Tuesday, February 28, 2012

Preserving my buddies!

How cool it would be if we have an easy technique for preserving our friendship! No fights and breakups for silly reasons. No betrayals, nothing would go wrong then. But, unfortunately we don't have any such easy technique.  The technique is too hard for most people.
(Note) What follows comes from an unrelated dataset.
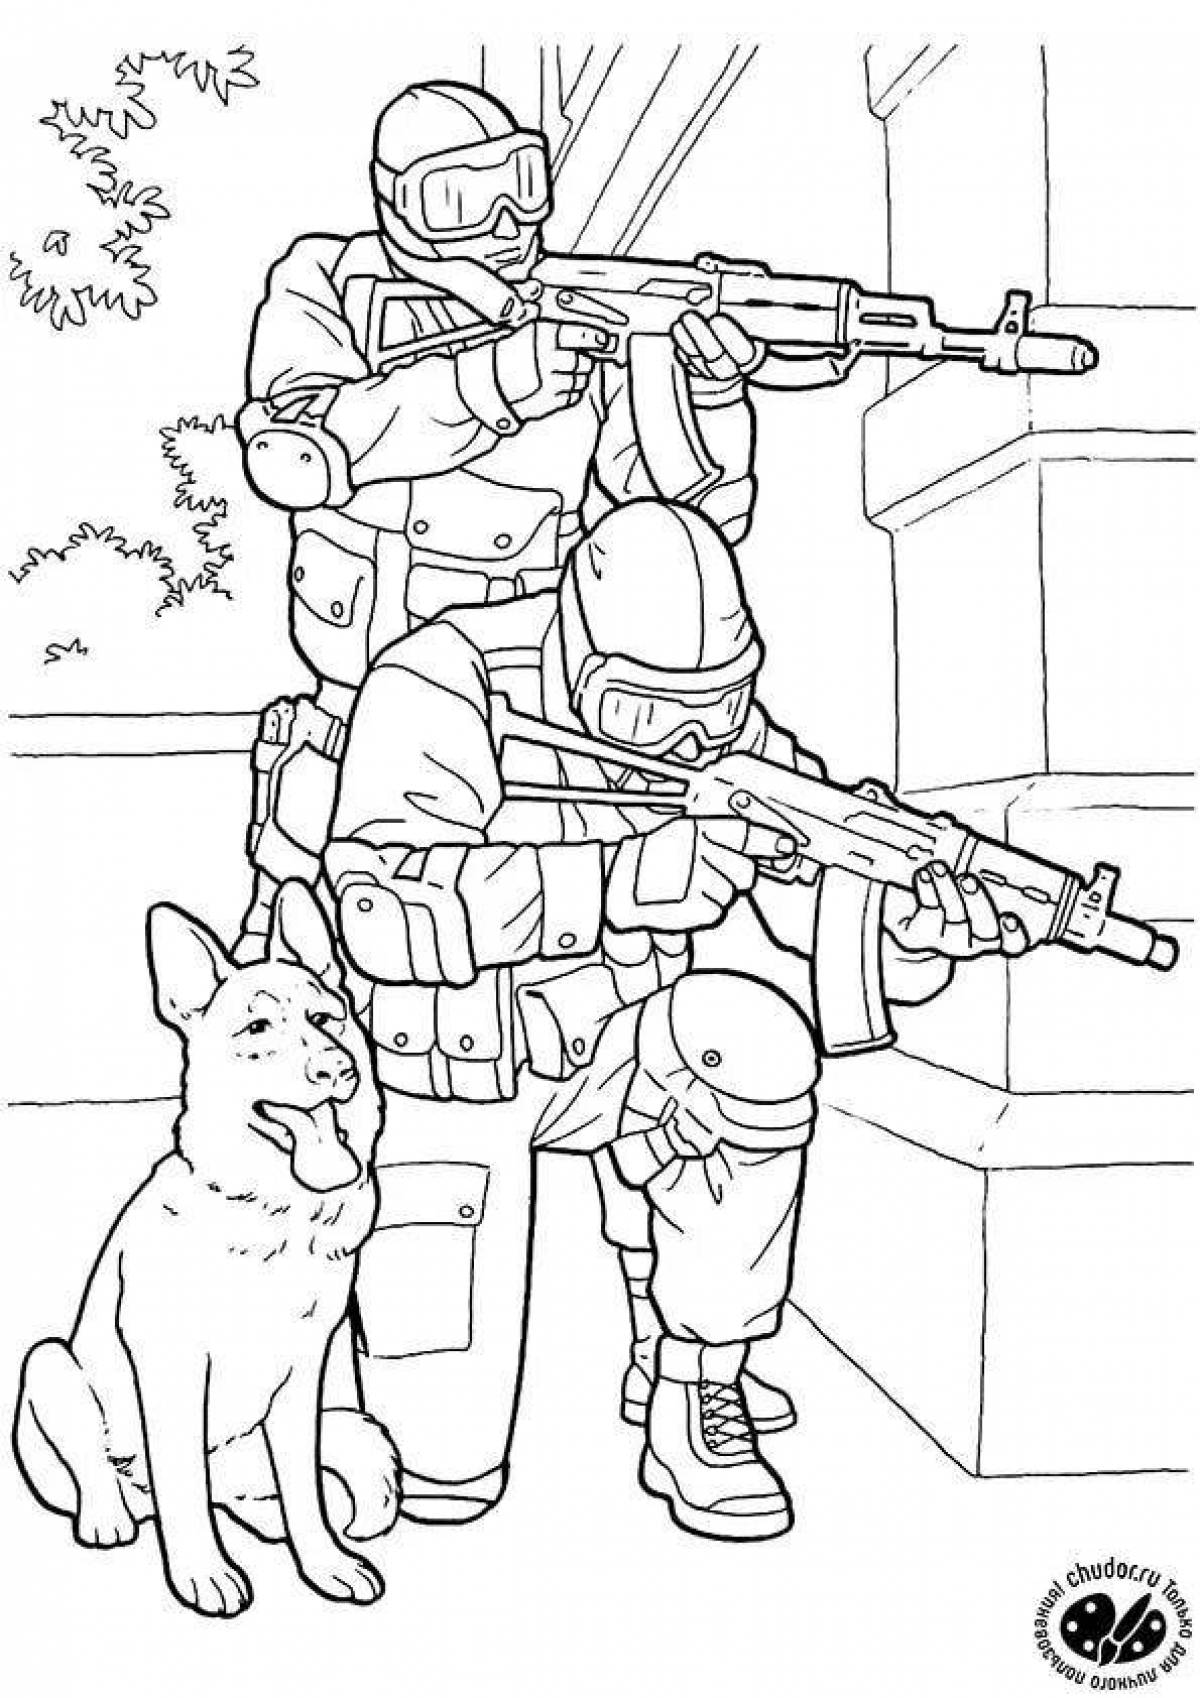 Coloring book brave soldier with dog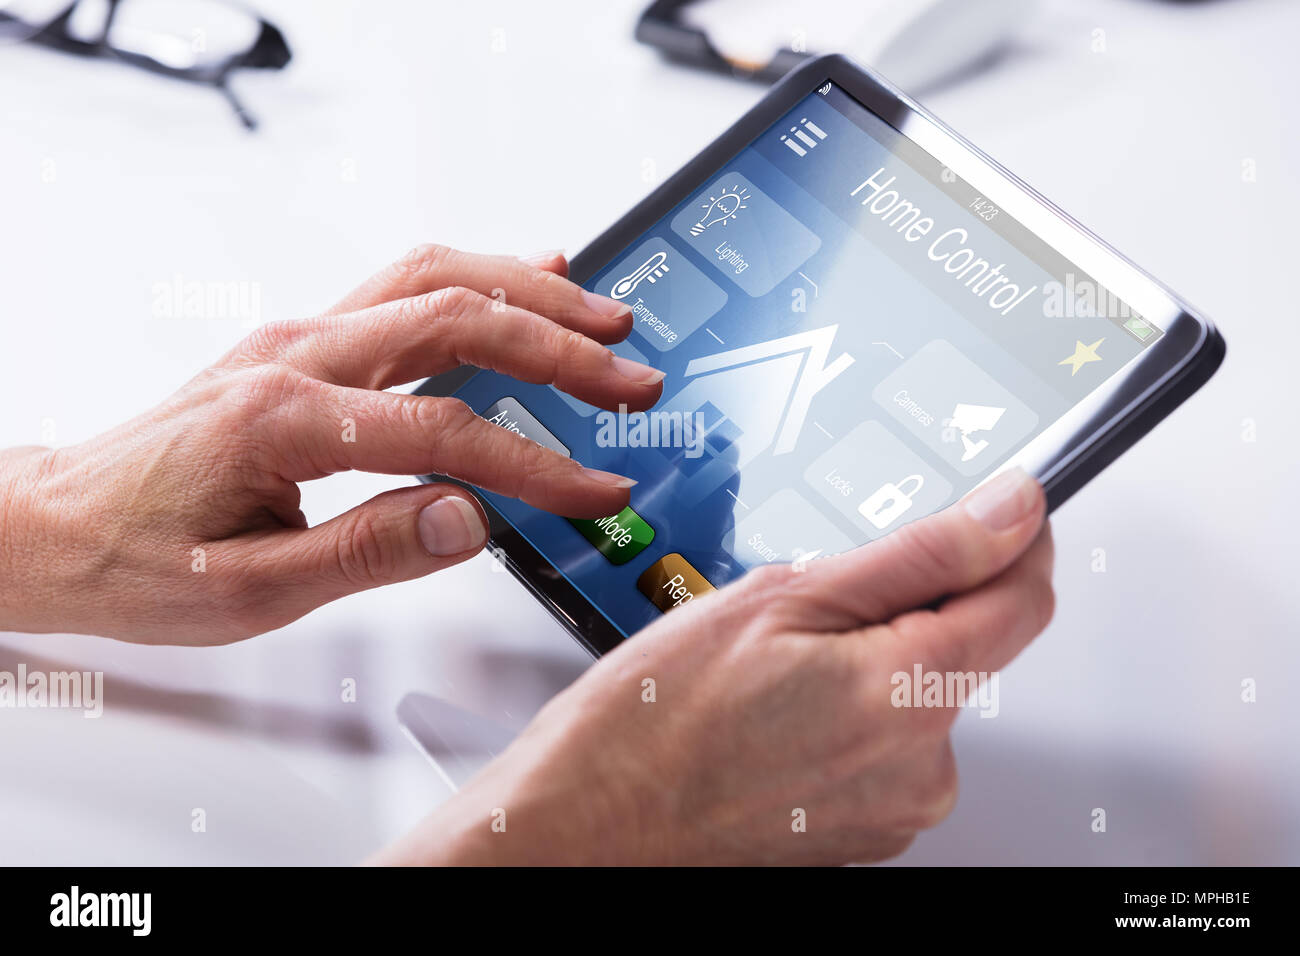 Close-up Of A Person's Hand Using Home Control System On Digital Tablet Stock Photo

To preserve your friendship,
  1. Guide your friend to a right path when HE/SHE goes wrong.
  2. Stay with them even when HE/SHE has tough times.
  3. Never feel jealous on your friend's victory! ( this is a much important thing to follow, but, most times, the evil part of us tend to be jealous , but, we won't show this jealousy feel  out )
  4. Money - this sometimes could create a problem - so, have to be careful!
"Love your friends as you love love yourself!" :P    This would probably preserve your friendship to the maximum. 
But, I need not follow any of the above mentioned techniques to preserve my friendship with my friends :)
I'm much lucky that my friends would never leave me alone, even if I torture and kill them :P
I mean, my friends are "MICROBES". :P
 I could sense , how you feel now, anyways, try to tolerate with me.Okay, let me come to the point, how I will preserve my friends?  (microbes)  We experimented  two techniques today in our Microbio lab! ( but we learnt 3 in theory, as there was no time, we did only 2, the rest we will do in our next lab )

The techniques were :

  • Stab culture technique
  •    
    Stab culture
  • glycerol stock in liquid Nitrogen
  • lyophilization ( freeze drying) 
Stab culture : 
  • LB (Luria-Bertani) Agar was prepared and sterilized (autoclaved)
  • The solidified agar was melt before use in microwave oven.
  • The medium was poured into test tubes (about 1/4th) and it was allowed to solidify.
  • A loop full of culture to be preserved was taken and it was poked into the solidified agar tubes. 
  • Then, the tubes were incubated overnight. 
  • After the incubation, the tubes can be refrigerated for future usage.   
Eppendorf
Glycerol Stock in liquid nitrogen : 
  • Sterilized (autoclaved) eppendorfs were taken.
  • To each of the eppendorf, 600 microliters of glycerol and 400 microliters of culture was added and mixed well.
  • The eppendorfs were left in dry ice bath until they got frozen and then stored in deep freezers or under liquid nitrogen for further use.
Lyophilisation - I will explain this in next post after my next microbio lab. 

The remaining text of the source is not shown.